14. The apparatus according to claim 10, wherein the word list generating module is specifically configured to perform word segmentation processing on the description information by using a shortest path algorithm to obtain a word list corresponding to the to-be-processed idiom.
15. The apparatus according to claim 14, wherein the word list generating module is specifically configured to perform segmentation processing on the description information to obtain a plurality of word string data;
constructing an association diagram among the word string data according to the association relationship among the word string data;
calculating the association diagram by using a preset word frequency probability algorithm to obtain the word frequency probability of each associated word of the word string data;
and aiming at each word string data, obtaining a word list corresponding to the idiom to be processed according to the word frequency probability of each relevant word of the word string data.
16. The apparatus of claim 10, further comprising:
the semantic similarity calculation module is used for screening words, the semantic similarity of which with the idiom to be processed meets a preset condition, from the word list, and calculating the semantic similarity of each word in the word list with the idiom to be processed based on a preset similarity calculation method before the words are used as labels corresponding to the idiom to be processed; wherein the preset similarity algorithm is a Jacard similarity coefficient algorithm or a cosine similarity algorithm.

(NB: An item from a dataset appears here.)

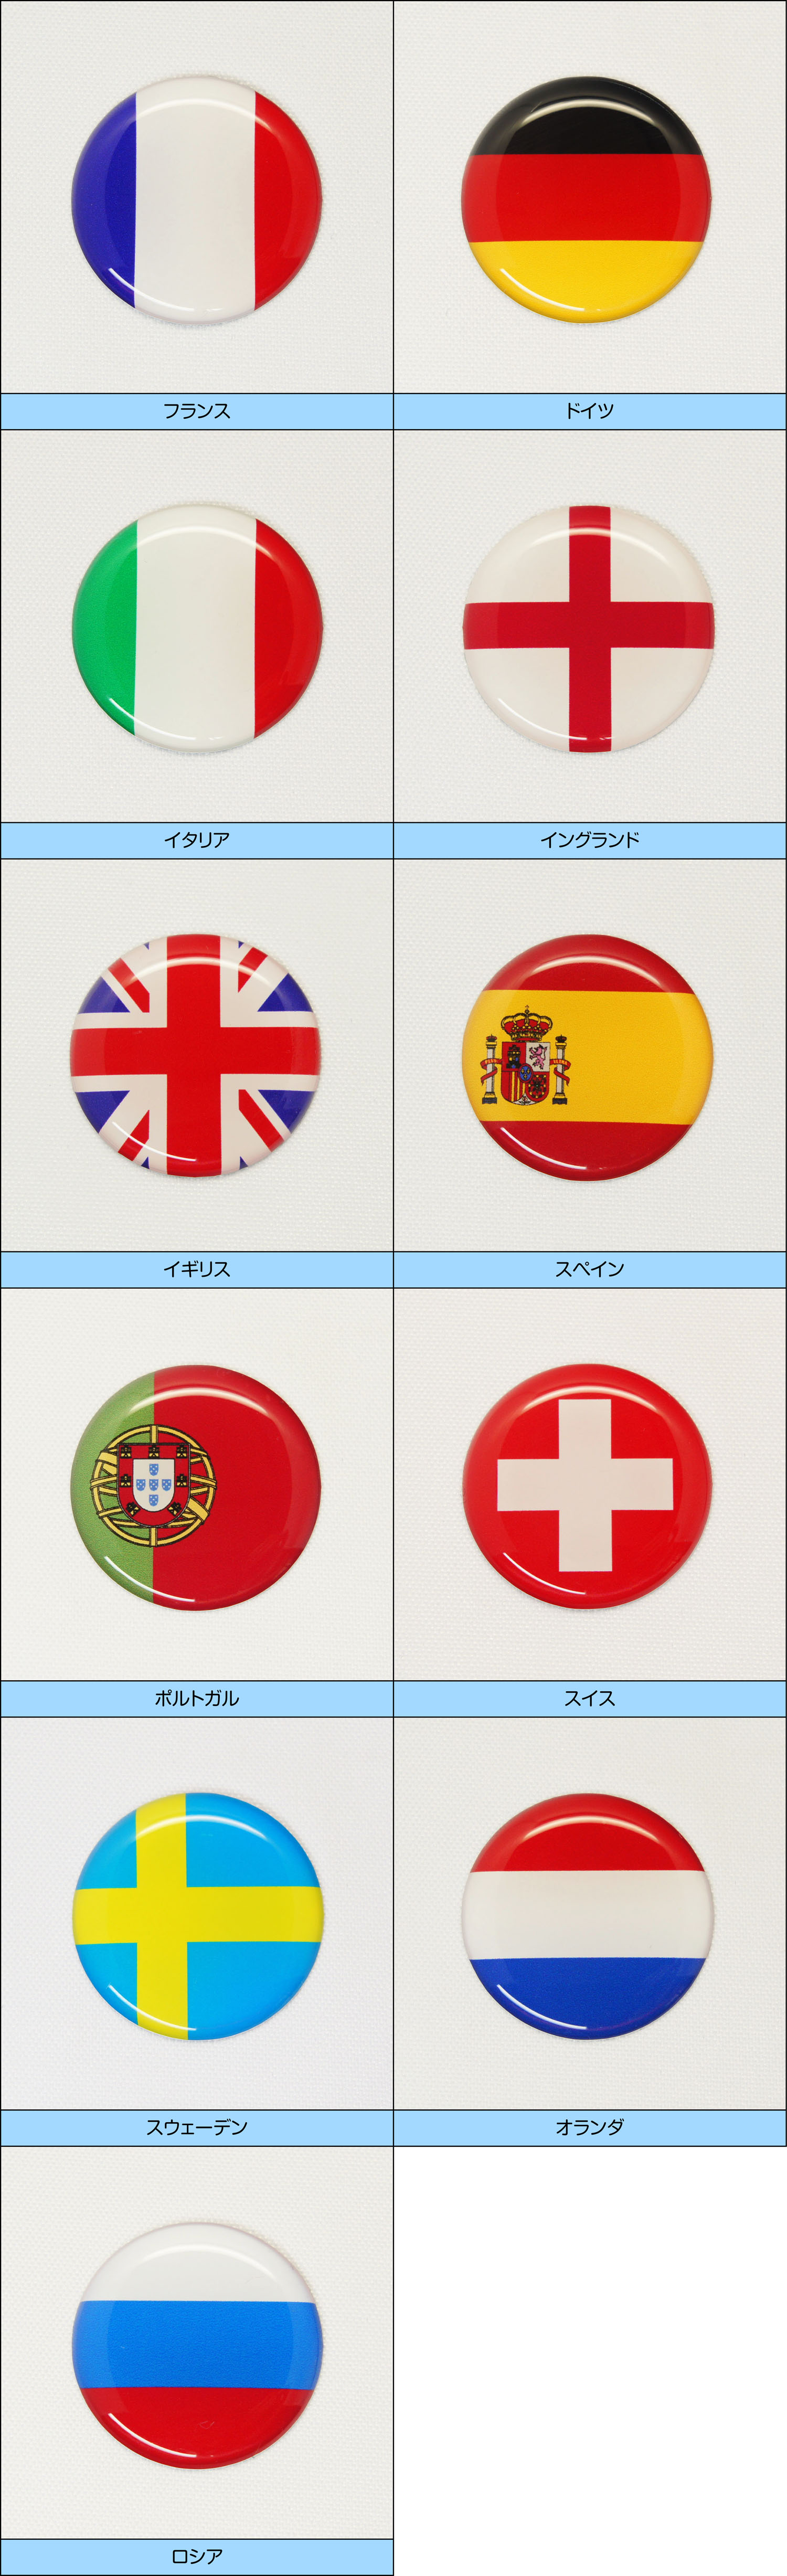 世界の国旗ゴルフマーカー ヨーロッパ地区 一覧

17. The apparatus of claim 10, wherein the associated word of the word comprises at least one of: a synonym of the term, and a hypernym of the term.
18. The apparatus of claim 10, further comprising:
the relevant word acquisition module is used for inquiring each word in the word list in a preset semantic dictionary to obtain a relevant word of the word; or,
and aiming at each word in the word list, inputting the word into a pre-trained algorithm model to obtain the associated word of the word.
19. An electronic device is characterized by comprising a processor, a communication interface, a memory and a communication bus, wherein the processor and the communication interface are used for realizing mutual communication by the memory through the communication bus;
a memory for storing a computer program;
a processor for implementing the method of any one of claims 1 to 9 when executing a program stored in a memory.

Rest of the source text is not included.